We don’t allow questions seeking recommendations for books, tools, software libraries, and more. You can edit the question so it can be answered with facts and citations.
Closed 11 months ago.
Improve this question
First of all, great praise goes out to PowerGREP. It's a great program.
But it's not free. Some of its options I'm looking for:
Being able to use .NET regexp's (or similar) to find things in a filtered list of files through subdirectories.
Replacing that stuff with other regexps.
Being able to jump to that part of the file in some sort of editor.
Non commandline.
Being able to copy the results / filename and occurrences of the text.

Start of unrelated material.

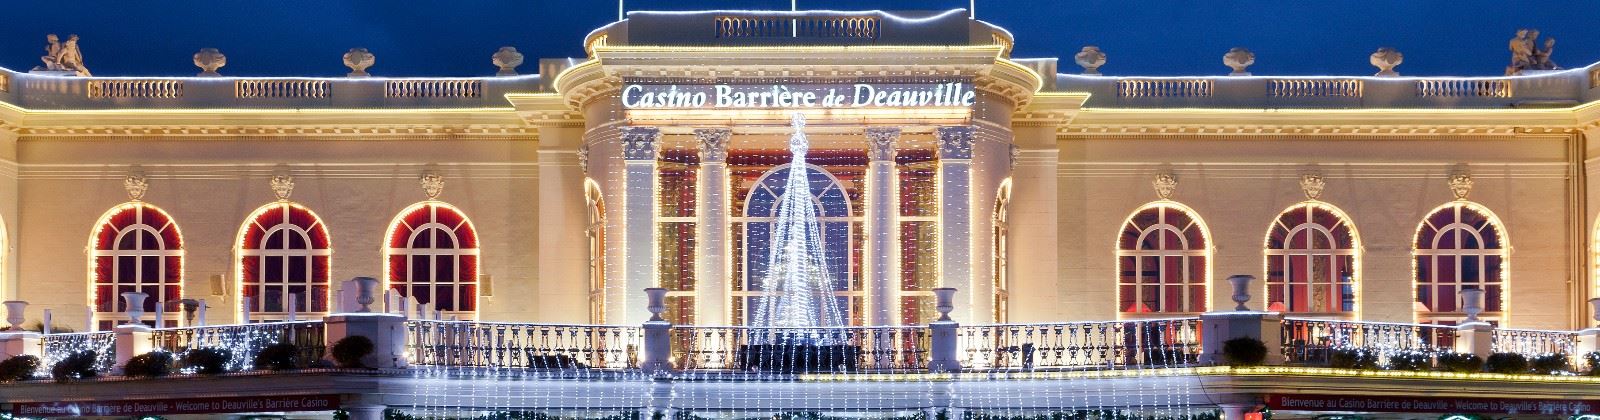 OLEVENE image - casino-barriere-deauville-olevene-organisation-event-

Low overhead would also be nice, so not too many dependencies, etc.
And I need it on Windows.
I would suggest trying the new dnGrep. It's a .NET application that provides grep-like functionality and has almost all the features you specified.
Here are the features and a sample screenshot:
Shell integration (ability to search from Windows Explorer)
Plain text/regex/XPath search (including case-insensitive search)
Phonetic search (using Bitap and Needleman-Wunch algorithms)
File move/copy/delete actions
Search inside archives (via plug-ins)
Search Microsoft Word documents (via plug-ins)
Search PDF documents (via plug-ins)
Undo functionality
Optional integration with a text editor (like Notepad++)
Bookmarks (ability to save regex searches for the future)
Pattern test form
Search result highlighting
Search result preview
Does not require installation (can be run from a USB drive)
Feature-wise nothing even comes close to PowerGREP, so the question is, how many compromises are you willing to make? I agree that PowerGREP's price tag is a bit steep (not that I have ever regretted a single penny I spent on it), so perhaps something cheaper might do?
UltraEdit is an excellent text editor with very good regex support. It supports Perl-style regular expressions, and you can do find/replace operations in multiple (optionally pre-filtered) files with it. I'd say it can do everything you want to do according to your question.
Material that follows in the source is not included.